To disable a copy or a built-in script, you may remove the section from the config.json file or change the enable attribute to "false". The section will be ignored when the script bw_data_collector.ps1 is executed.

The attribute name and _comment are not used to identify and document each section. This information is not used by Identity Analytics Platform. The comment is used to describe the data source and the action. The name is an identifier that is used in the log file to reference the section if an error is encountered while performing the action.


Extractions

External Extractions

The script bw_data_collector.ps1 allows to add in the ZIP file some data sources that are generated by extractors not provided by Identity Analytics. This is useful for the following types of data:

  • HR data,
  • Application data.
  • LDAP data ( not from Active Directory)

The HR and application extraction files must conform to a format and an encoding. The following chapters detail the expected formats.
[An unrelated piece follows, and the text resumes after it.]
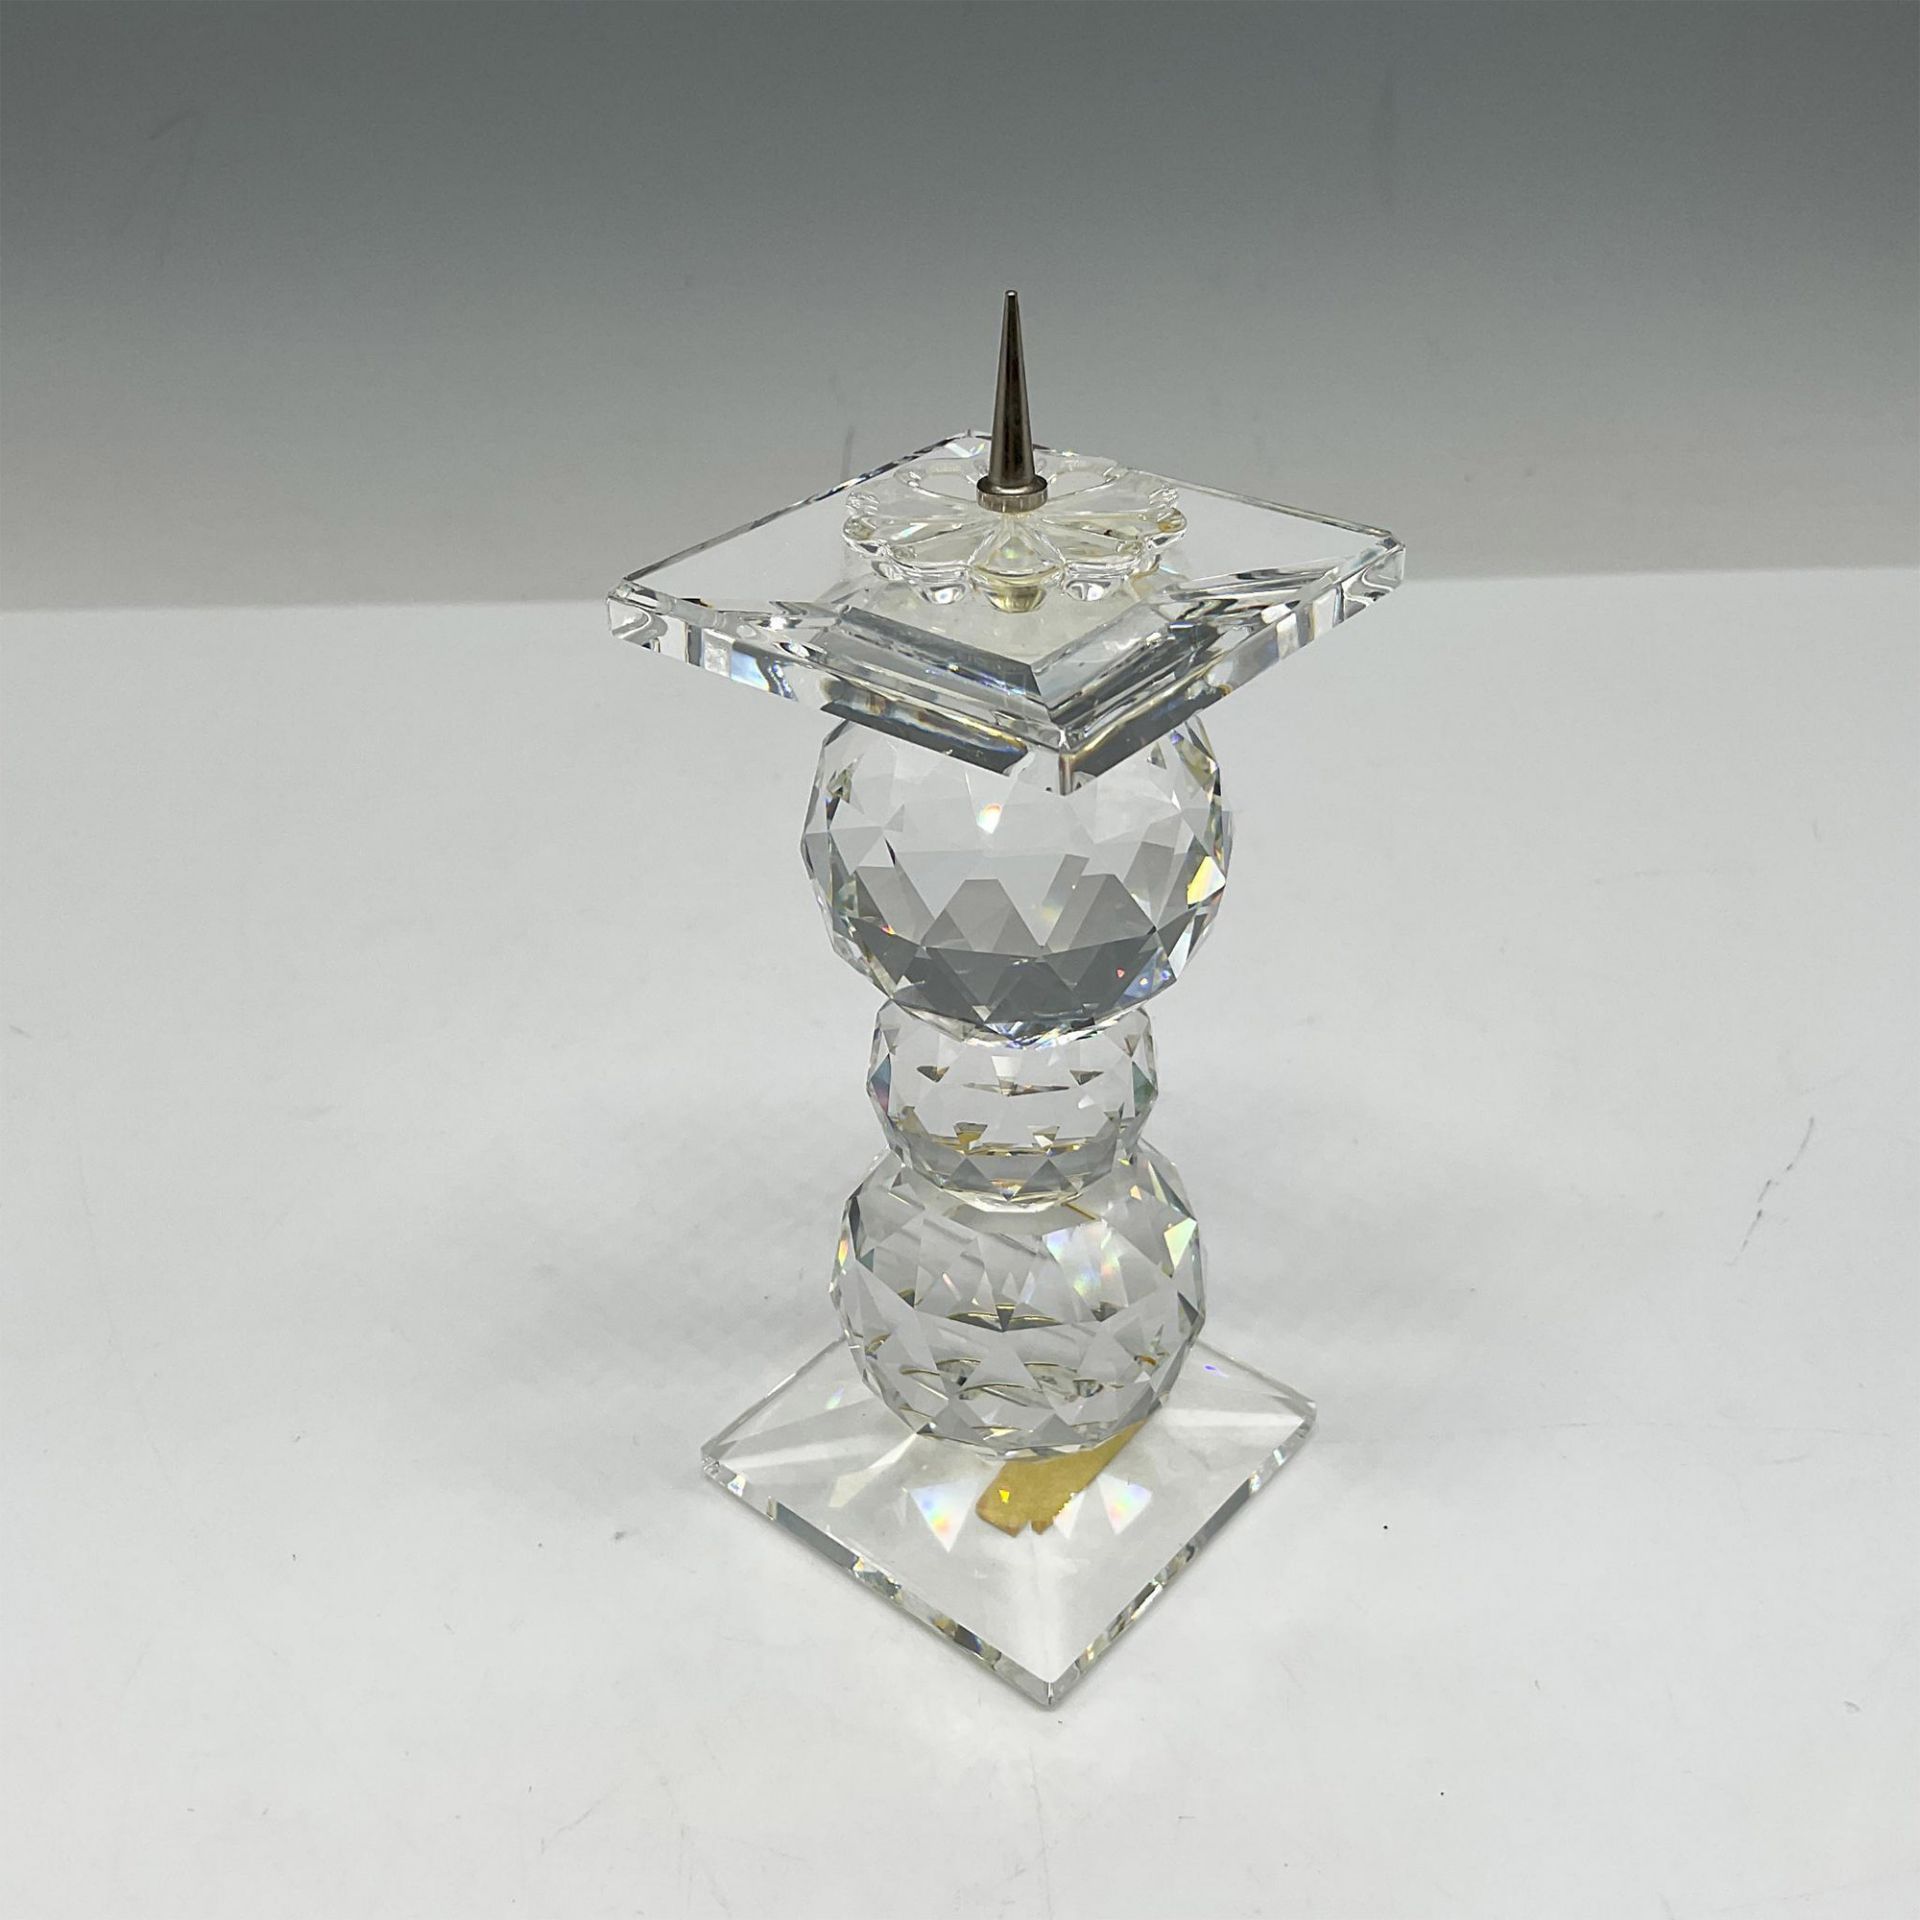 Swarovski Silver Crystal Candle Holder - Image 2 of 4
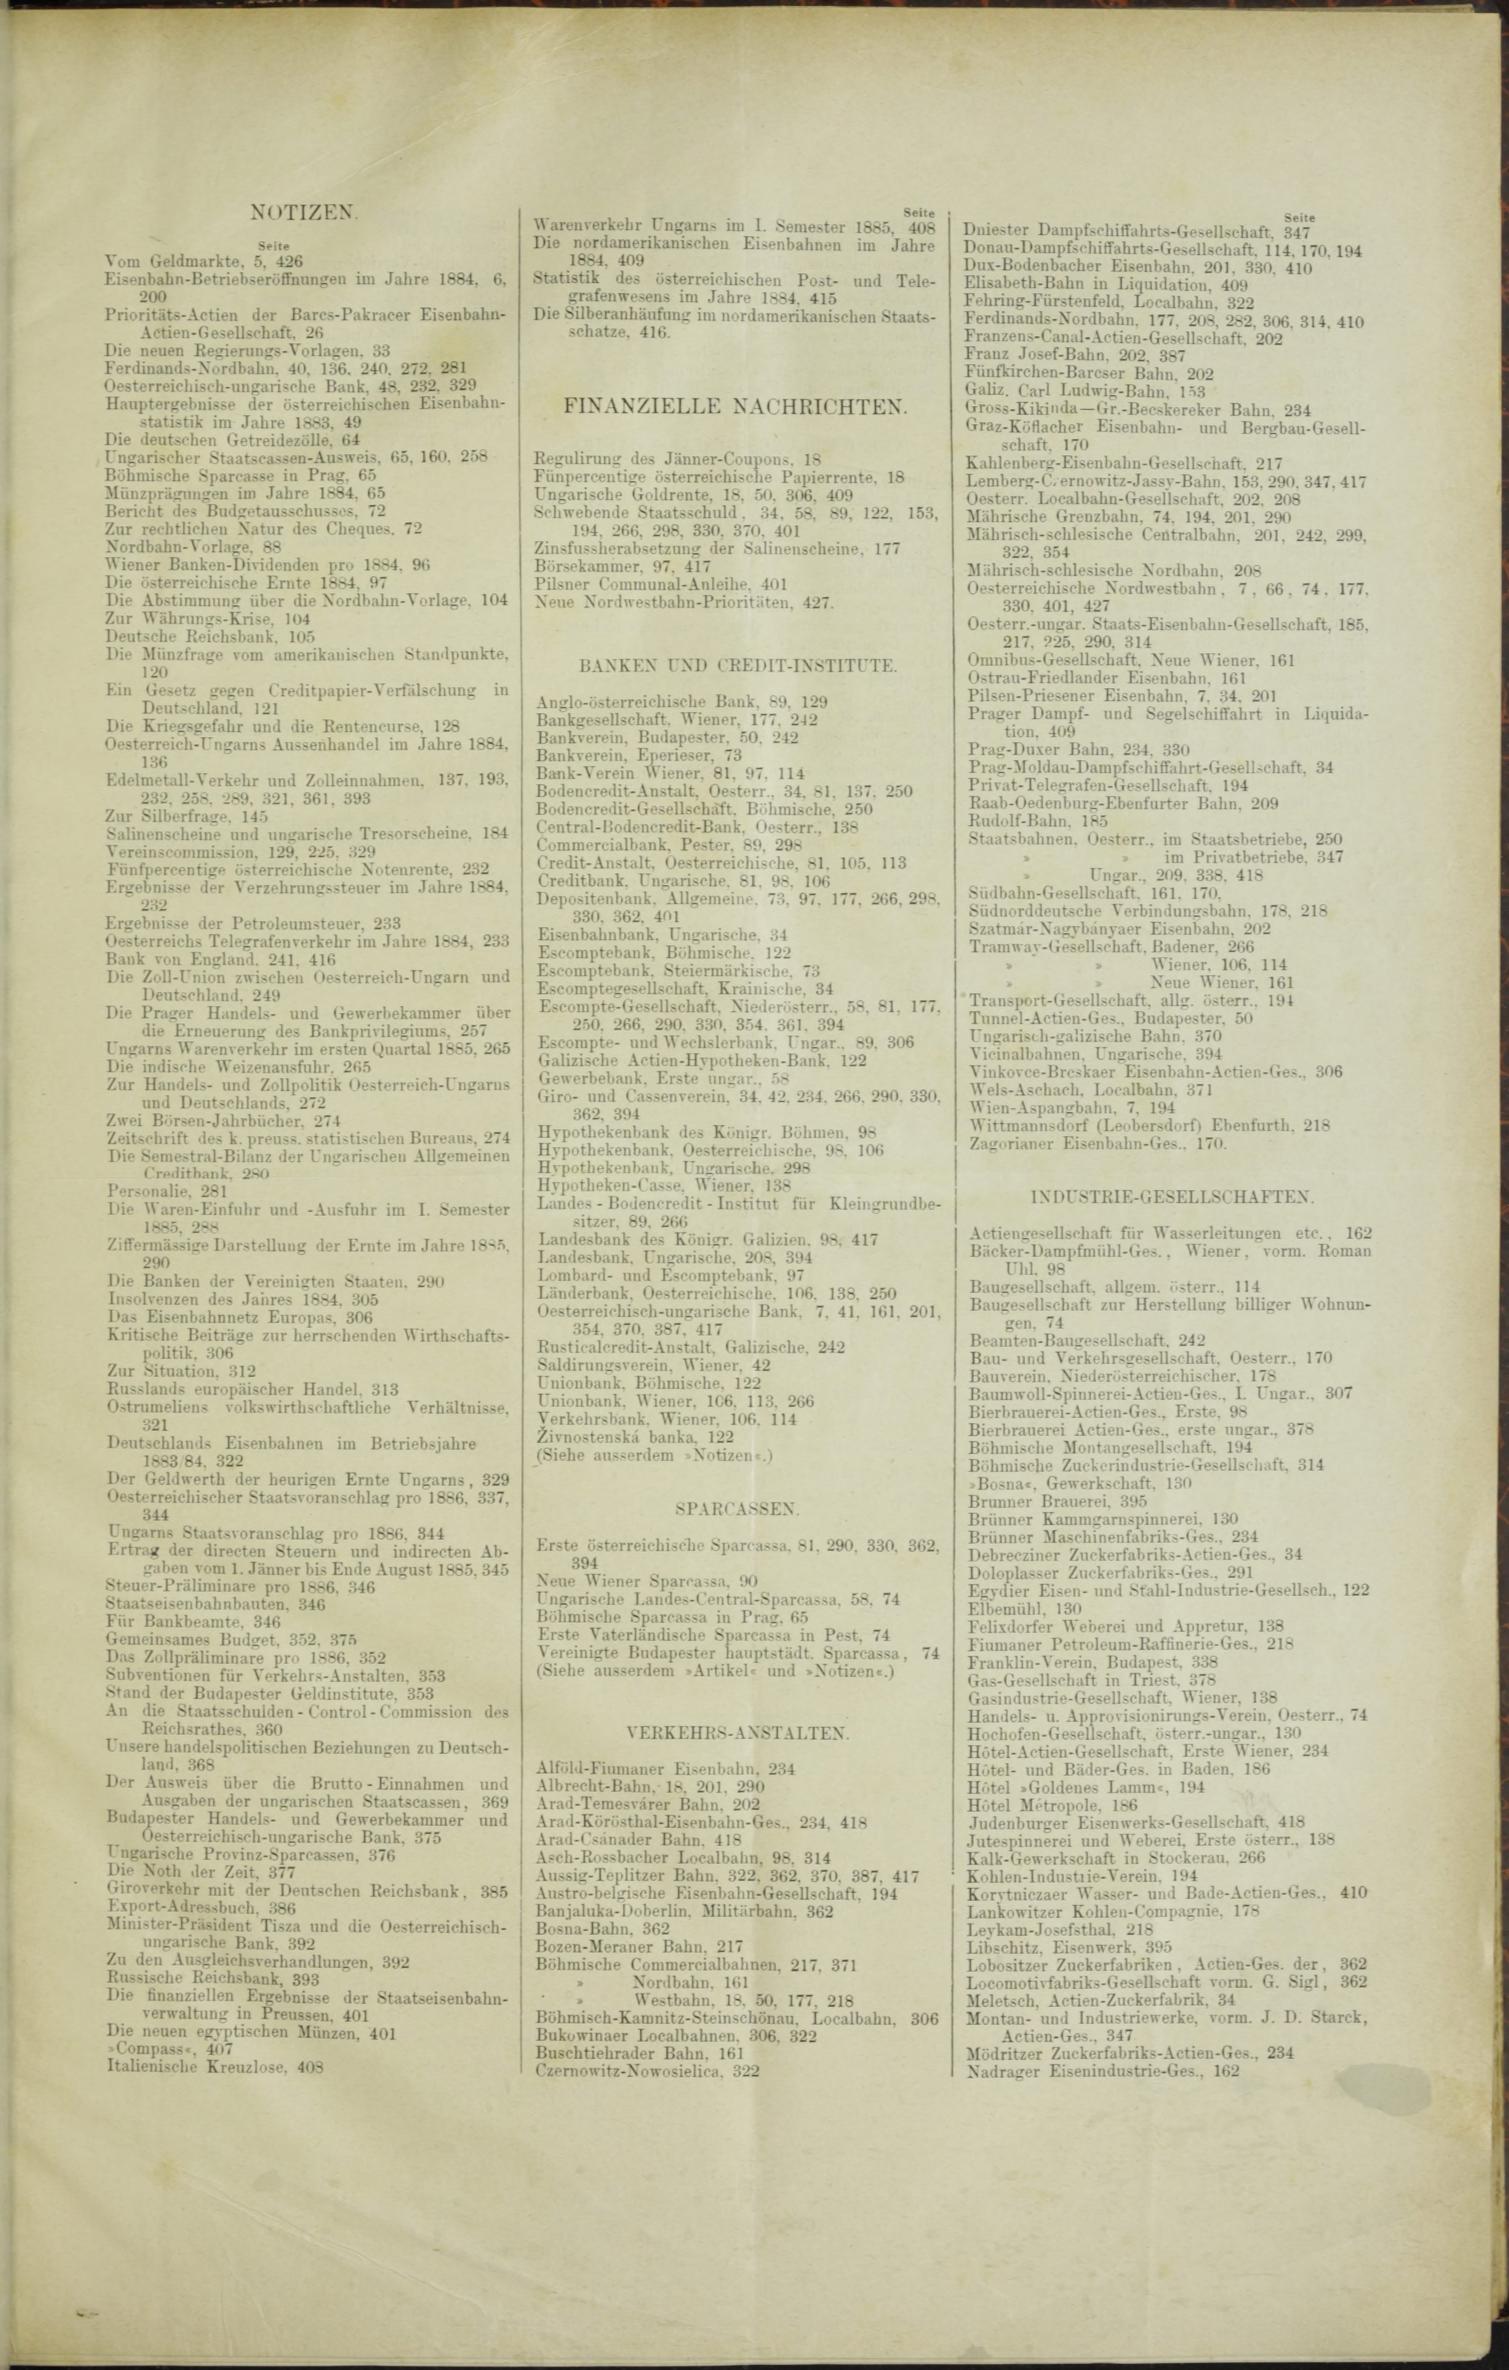 Der Tresor 03.12.1885 - Seite 11

Extractions can be done manually or through an automated process. A section in config.json must be modified or added to indicate an action to copy a file to the "hr" or "applications" folder.
In the following example, we consider that the contractors are collected via a process not described here but which provides a file in the format expected by Identity Analytics Platform.

{
  "_comment": "Embed the contractor file into the output ZIP file",
  "name": "hr-2",
  "enabled": true,
  "file": "C:/HR/extract-current/contractors.csv",
  "folder": "hr",
  "action": "copy"
},

This configuration section requests the bw_data_collector.ps1 script to copy the file C:/HR/extract-current/contractors.csv to the "hr" folder so that it can be included in the output ZIP.

If this file is generated with an extraction script on a different computer than the one where bw_data_collector.ps1 is installed, you have to make sure that the file is transferred into the C:/HR/extract-current folder and is called contractors.csv.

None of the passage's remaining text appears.